States, industry and energy security advocates are converging on Washington this week to add strength to a growing effort in Congress to kill a federal ban on oil exports.
The centerpiece of the week’s push will be an “Energy Exports Summit” on Tuesday organized by a group representing Western state attorneys general and a relatively new organization called the Energy Independence Coalition.
The summit follows the start of efforts in both the House and Senate to repeal the ban.
American Petroleum Institute CEO Jack Gerard joined a growing contingent of House Republicans and Democrats last week to tout a bill to repeal the ban, which the lawmakers and the industry see as a barrier to advancing the market for U.S. crude oil abroad.
In the Senate, an effort is also under way by Energy & Natural Resources Chairwoman Lisa Murkowski, R-Alaska, to reverse the export policy and allow the nation to export the large supplies of petroleum being produced from shale formations, the deep underground rock that oil companies are producing oil and natural gas from using a drilling process known as hydraulic fracturing, or “fracking.”
Murkowski is seeking to attach an amendment to the Iran bill pending on the Senate floor.
A Senate aide said Murkowski’s amendment is trying to show that removing U.S. sanctions would allow Iran to increase its oil exports but would do nothing to help U.S. oil producers. The aide says Murkowski is not looking to push for a vote on her amendment if it disrupts the Iran debate. She is talking with the author of the Iran legislation, Sen. Bob Corker, R-Tenn., to work out if the measure is the best place to address the oil export ban, the aide said.
Sen. Heidi Heitkamp, D-North Dakota, co-sponsored the amendment with Murkowski.
The Democrat joined Murkowski on the Senate floor last week to address repealing the Commerce Department’s oil export ban, which was put into place in the 1970s in response to the Saudi oil embargo.
“We now live in a global world and it’s past time that we end an outdated policy from a bygone era by lifting the ban on exporting American crude oil,” Heitkamp said. “Other countries, including Iran, export much of their crude oil. But in the U.S. — and particularly in North Dakota where we are the number two crude oil producing state —we need to be able to step up, compete on a level playing field, and get the best price on the world market.
“It would also encourage our friends and allies to import or leverage American oil to lessen the influence and dominant energy positions of unstable countries like Iran, Russia or Venezuela,” she said. “We have a real opportunity to make a needed change that supports our country, our economy, and our security.”
Even if the amendment doesn’t move forward, oil exports will remain a top area of concern for Murkowski in her pursuit of passing comprehensive energy legislation by the end of the year. The aide says Murkowski will pursue multiple strategies in trying to remove the oil export ban, including comprehensive legislation and floor action through amendments.
Heitkamp will join Republicans at the summit to reiterate support for lifting the ban.
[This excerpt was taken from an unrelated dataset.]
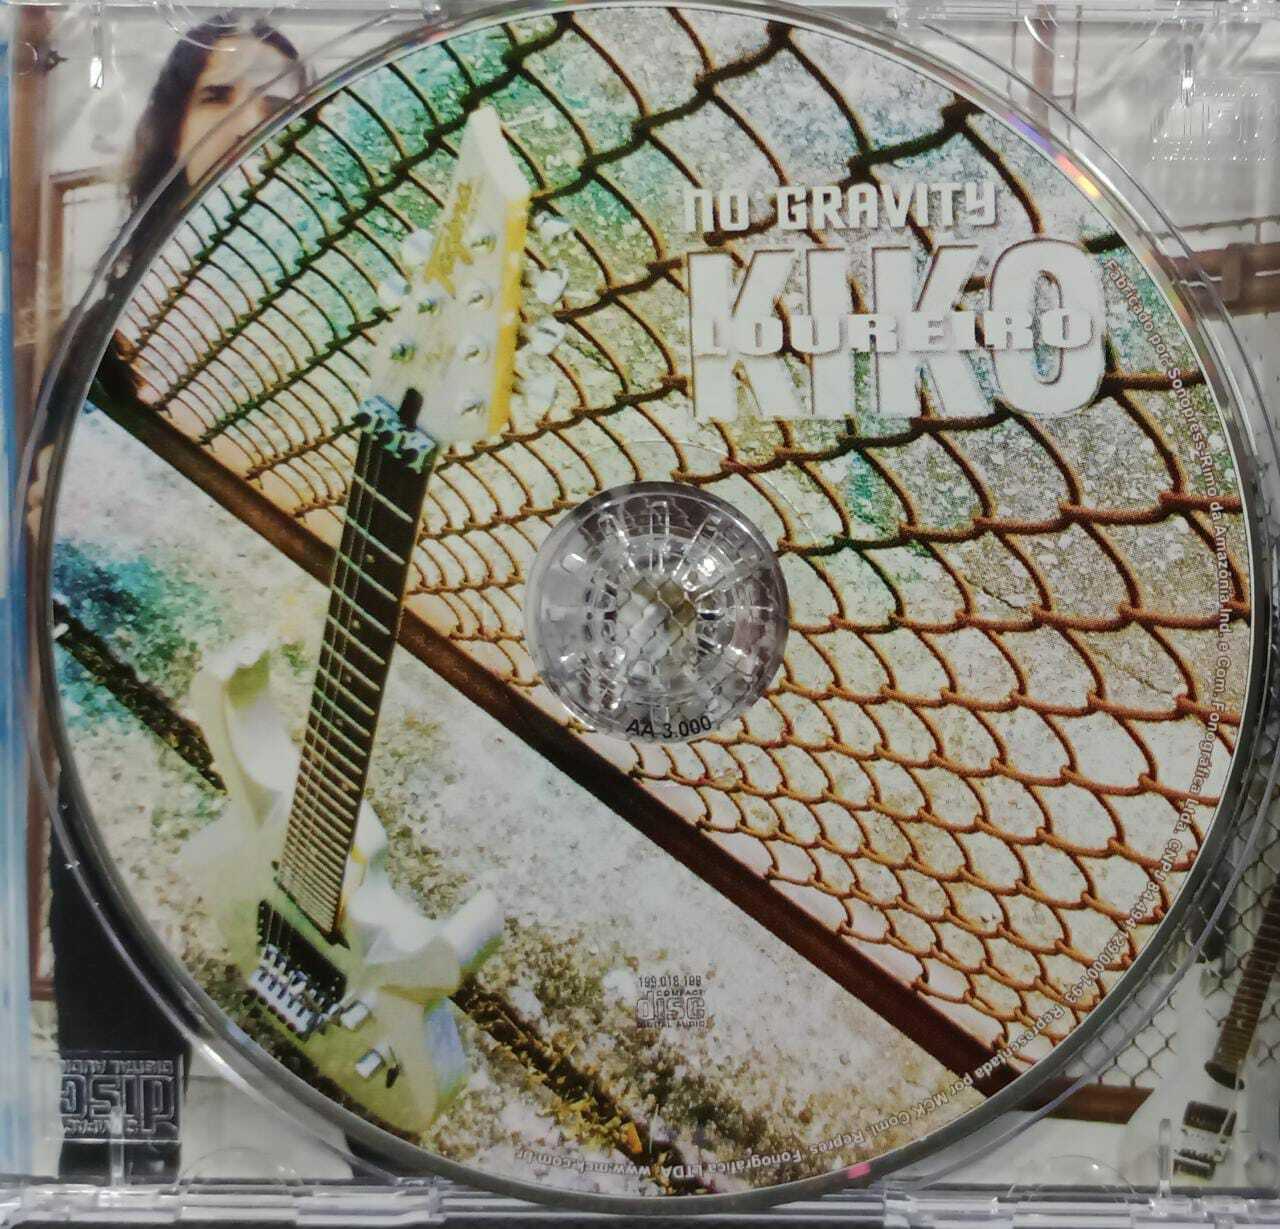 CD - Kiko Loureiro - no Gravity (Autogfrafado)

GOP Sens. John Barrasso of Wyoming and Steve Daines of Montana will address the summit.
The Energy Information Administration, in its recently issued annual energy outlook, says the nation will become a net exporter of natural gas in 2017, with oil following suit in the next six years. Most of the recent increases in oil production are a result of a surge in shale drilling in North Dakota and Texas.
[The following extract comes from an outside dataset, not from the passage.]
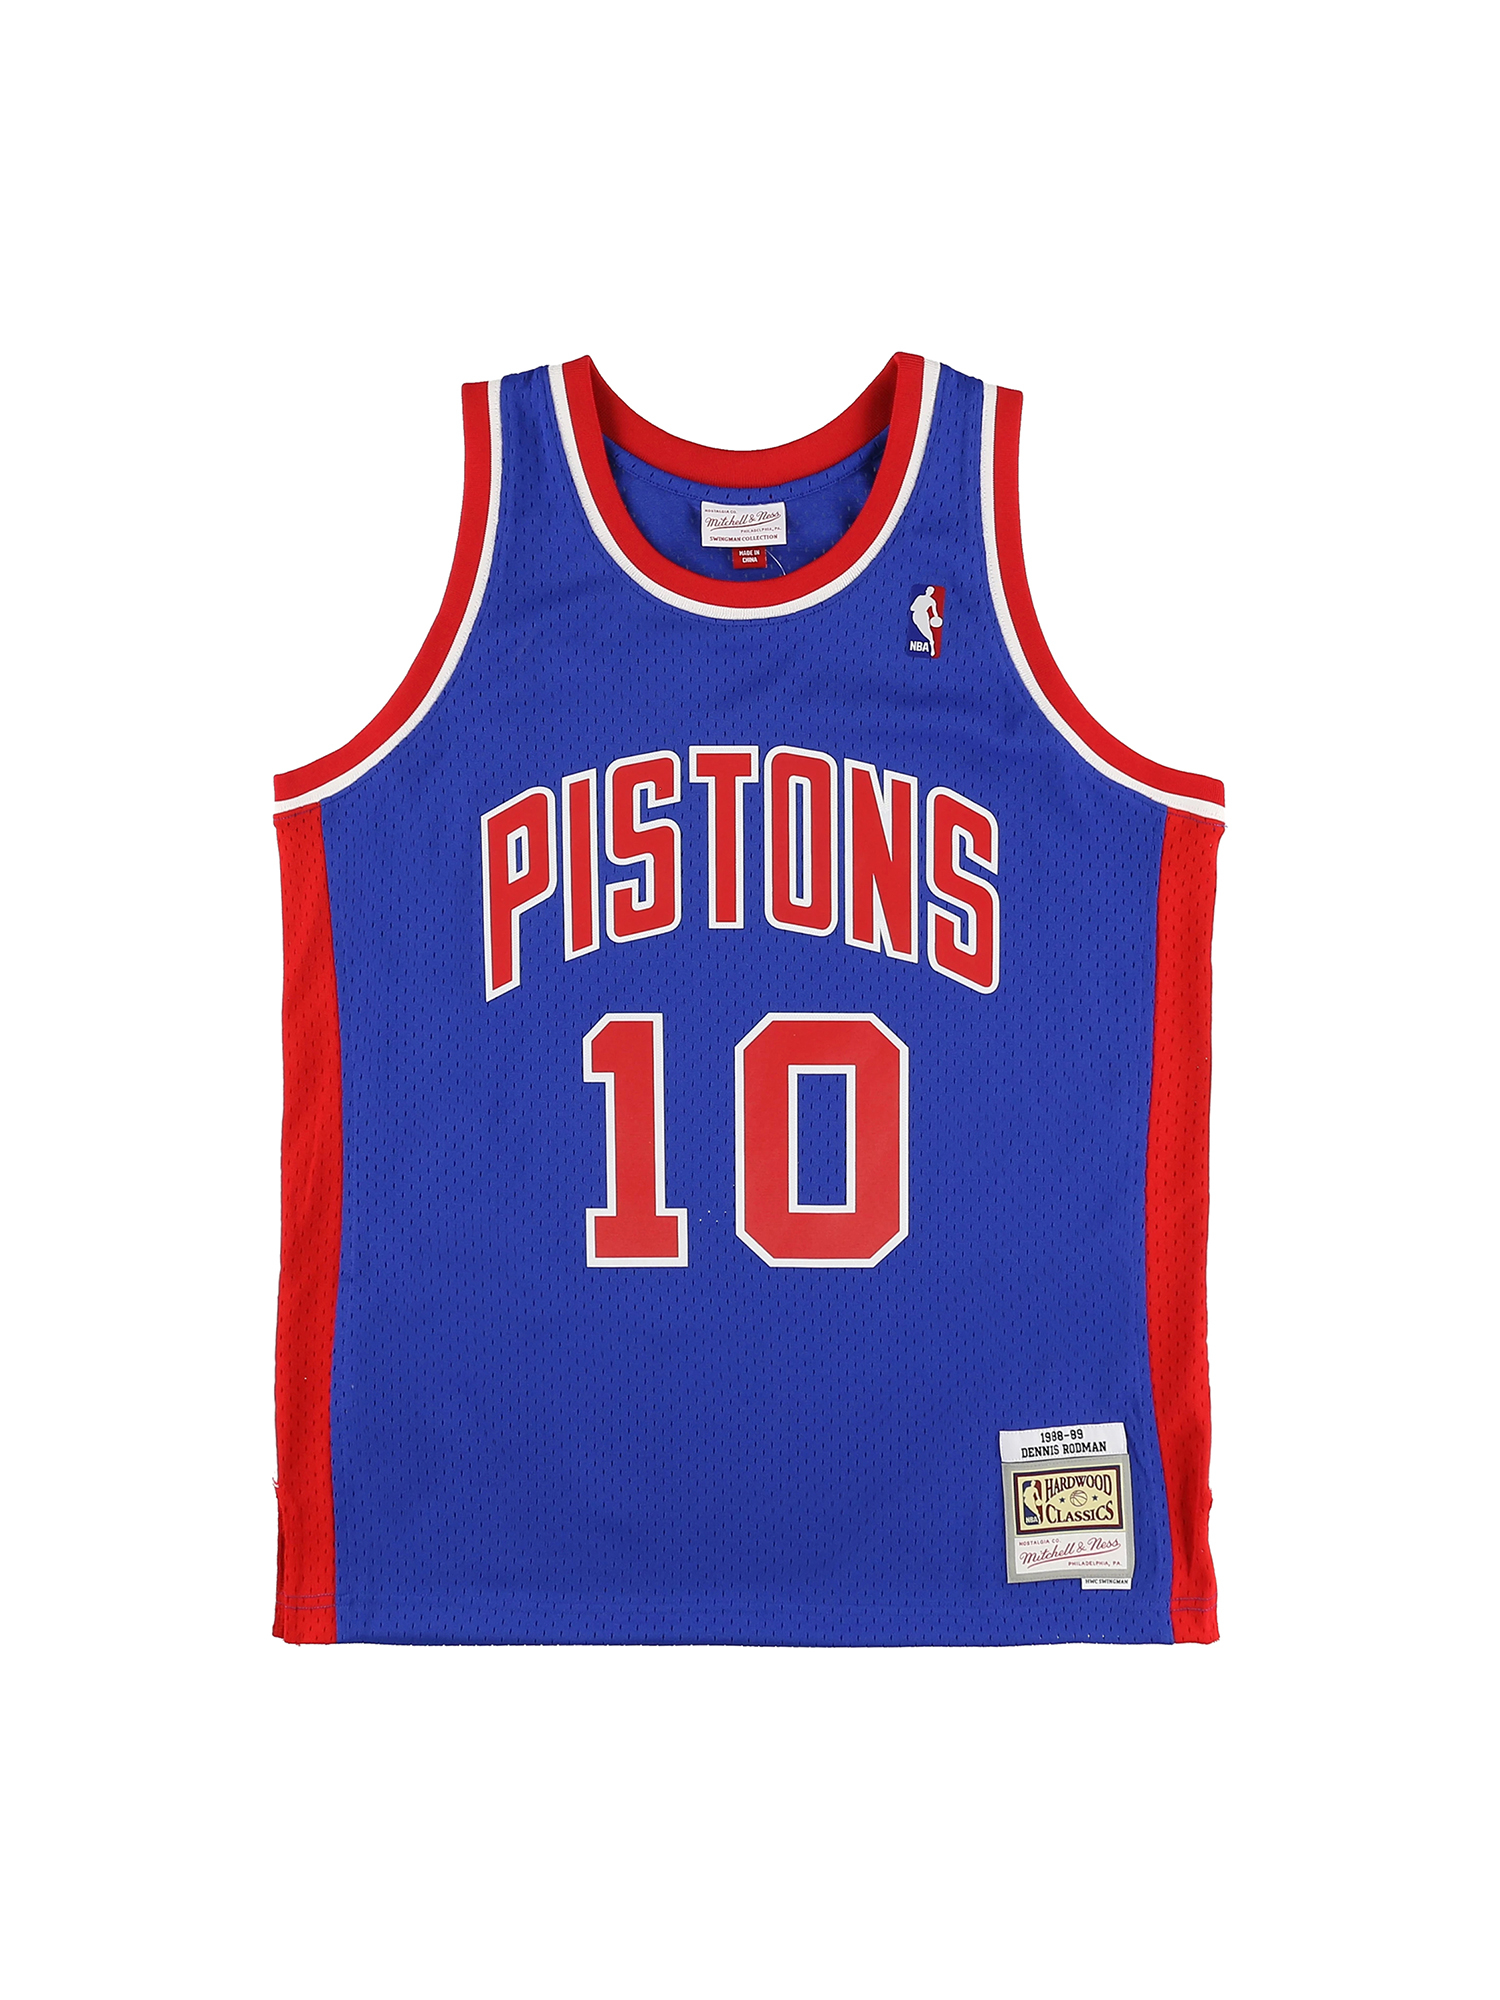 デニス・ロッドマン ピストンズ ロード スイングマンジャージ 1988-89 DETROIT PISTONS NBA SWINGMAN ROAD  JERSEY PISTONS 88 DENNIS RO

Some energy analysts say similar projections assume the ban will be lifted as a logical outgrowth of increased oil production, which makes the 40-year-old ban obsolete and unnecessary.
On Wednesday, the export push continues at the U.S. Chamber of Commerce, with a special luncheon featuring Doug Suttles, the president and CEO of the Encana Corp., one of the nation’s largest independent oil and gas producers.
Suttles will address “the value of domestic oil and gas exploration, and the need to lift the 40-year-old crude oil export ban,” according to the Chamber’s Institute for 21st Century Energy and the U.S. Chamber Foundation.